As test number (TN) tends to be infinite, XijStochastic variable tends to independence, because global test number (TN) is generally than larger, sheet Invention can be come with the product of single bi-distribution approximate polynomial distribution, binomial it is approximate in, the length N (D) of genome is one Individual constant, independently of each di, can be represented with N, N size can be by Bioexperiment or EM strategy come near Seemingly, the present invention passes throughTo calculate.
Then, the approximate of L becomes:
The present present invention can be write as formula-logL=K ∑s ci(di), wherein K is independently of all diIt is normal Number, and:
As shown in figure 3, function is a convex function, the present invention is fitted with two straight lines, and the slope of straight line represents unit The expense of stream.
CDB (reads, k) in, for each compression when forming two, wherein the expense of one is the negative left side The slope of straight line, flow rate zone arrives function minimum point for 0, and the expense of another is the slope of negative straight right, flow rate zone Arrive infinite for 0;Source point s and meeting point t is added on the diagram, a line is drawn from source point t to all nodes, expense is 0, flow rate zone Arrive infinite for 0;Draw a line to meeting point t from all nodes, expense is 0, flow rate zone arrives infinite for 0.
Step 5:On the unimolecule figure gapped fragments that three generations's sequencing data of replying to the topic is formed to two codes or datas, formed The distance between gapped fragments estimate, solve the arrangement that linear programming obtains global optimum.

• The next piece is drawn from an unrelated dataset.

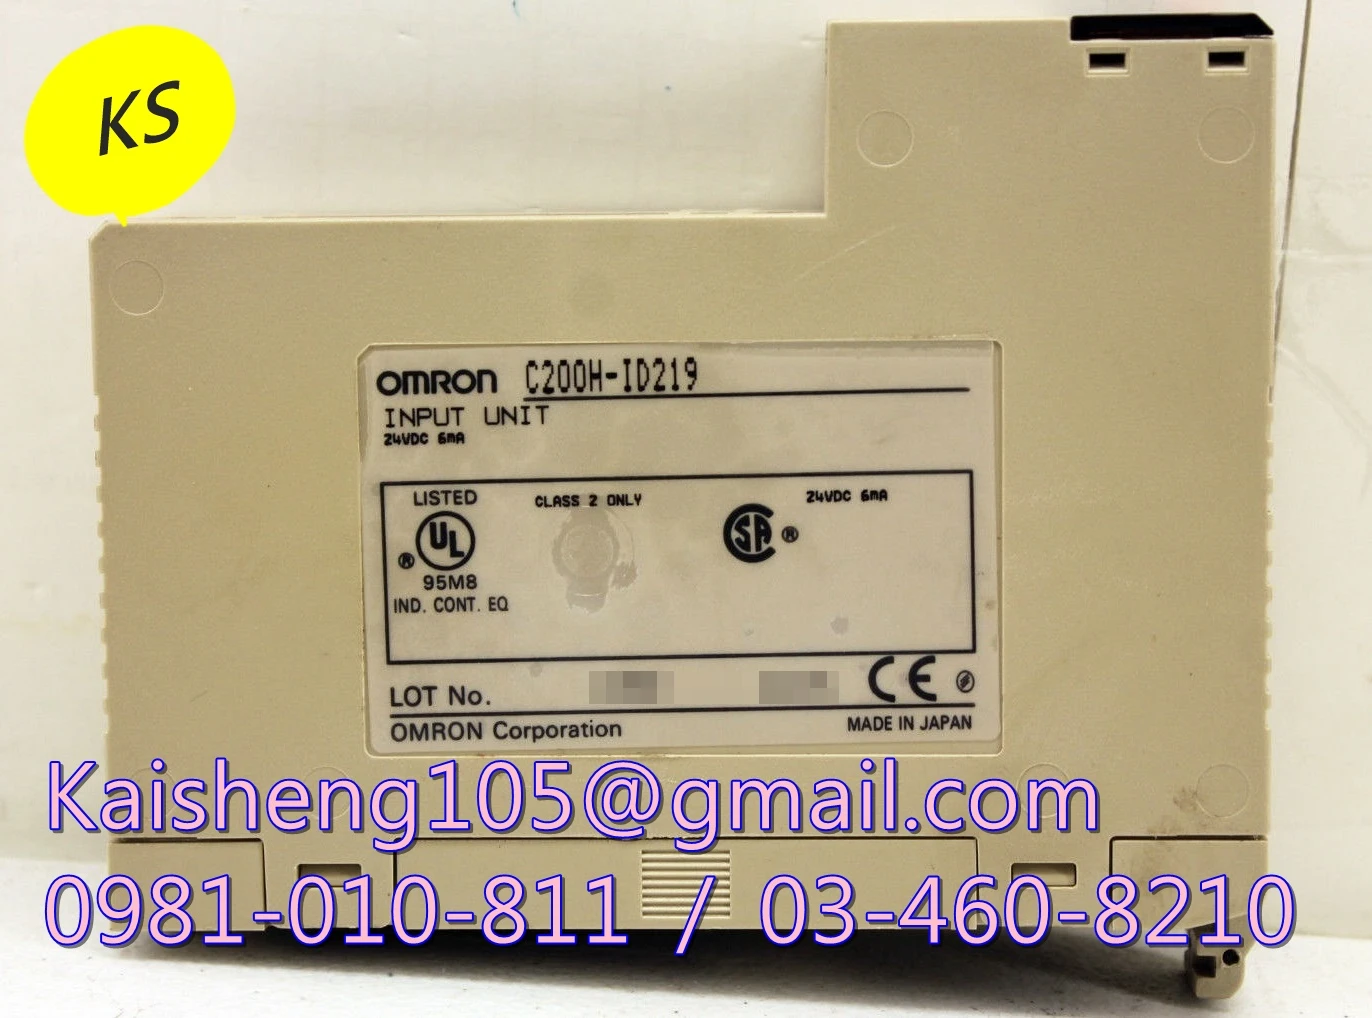 OMRON模組PLC:C200H-ID219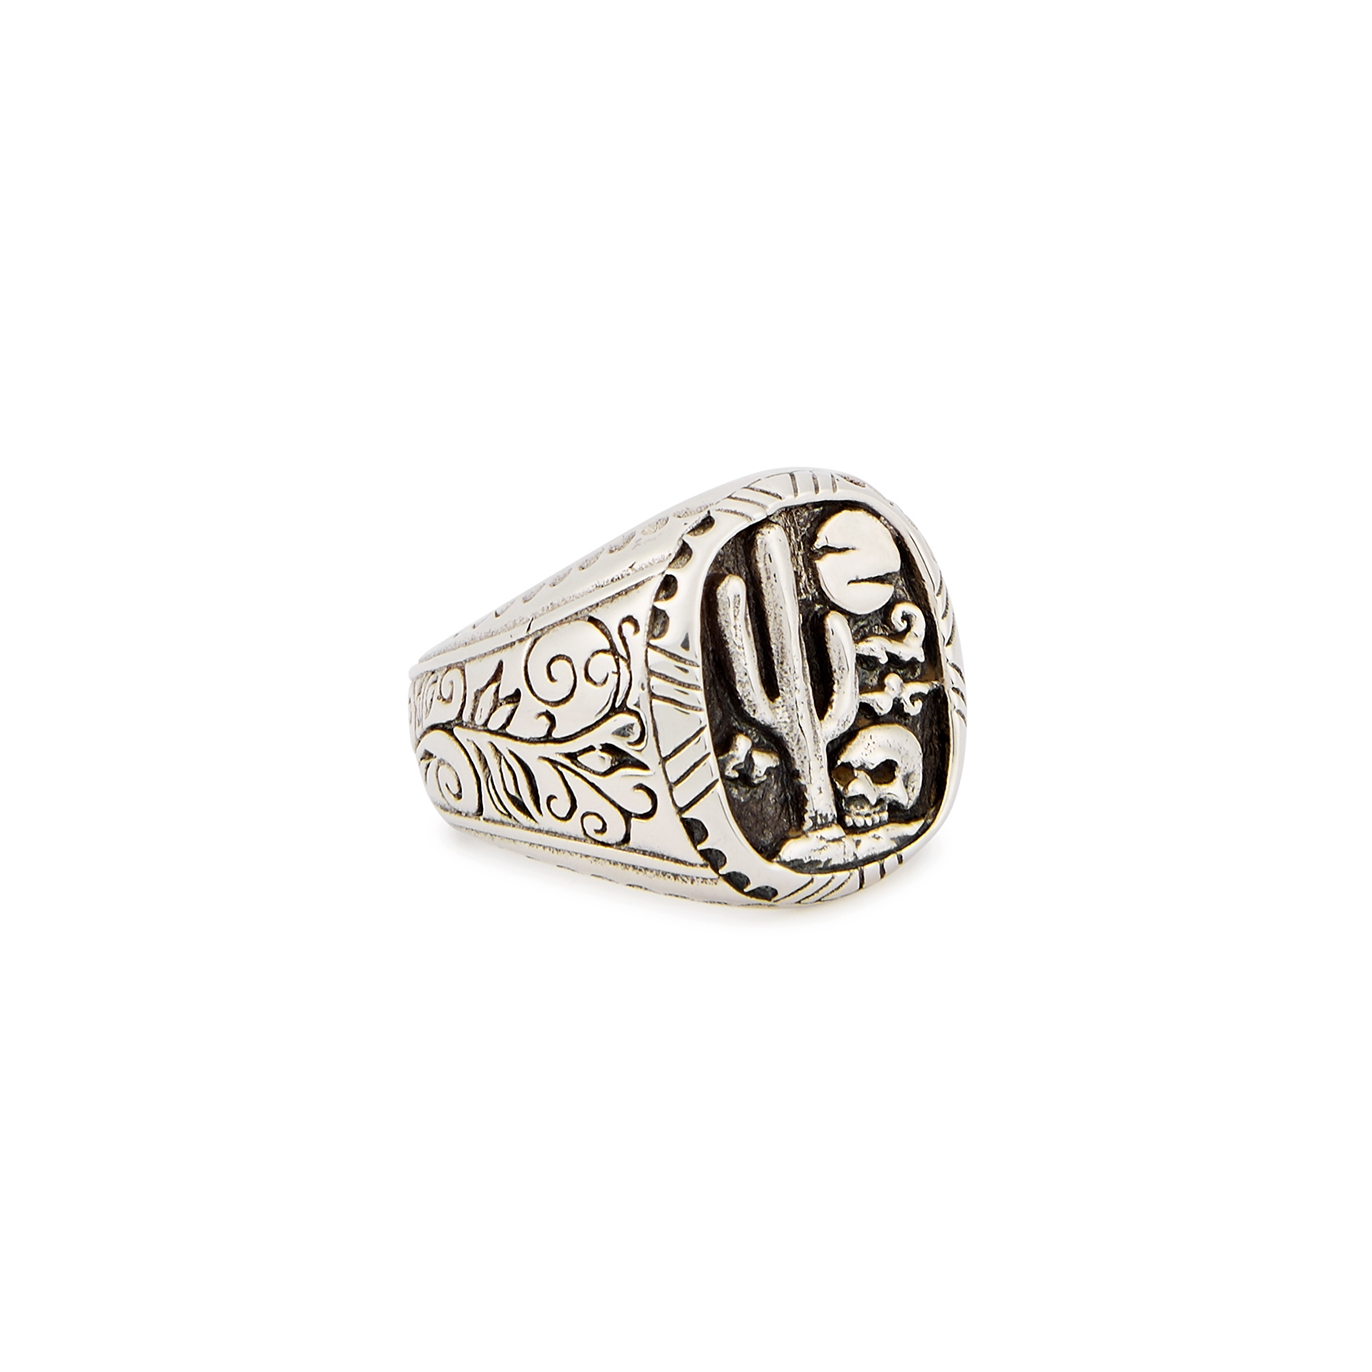 Tumbleweed Engraved Sterling Silver Ring

When building gapped fragment figures, choosing CDB, (reads, k) sequence tuple is 1 compression side conduct The point of gapped fragment figures.In general, in genome, sequence tuple is the distance between 1 compression side and relative Order is unique.
The compression side that these sequence tuples are 1 is picked out, fairly simple figure can be constructed by money order receipt to be signed and returned to the sender pair-kmer, I.e. discounting for the influence of sequencing mistake or repetitive sequence, this gapped fragment figure should be directed acyclic graph ((Directed Acyclic Graph, DAG).If add the compression side that sequence tuple is not 1, although can keep as far as possible Relative distance relation between all compression sides, but gapped fragment figures can be made extremely complex.
A total of 5 sections of sequences on such as Fig. 4, (a) genome, the tuple of sequence B is 2, and others are 1, and de is compressed in (b) formation Bruijn, a total of 4 compressions side, pair-kmer is replied to the topic onto this four edges, if (c) gapped fragment scheme It is upper to retain in all 4 compressions sides, the extremely complex gapped fragment figures of formation, (d) gapped fragment figures Only retain the compression side that tuple is 1, scheme relatively easy.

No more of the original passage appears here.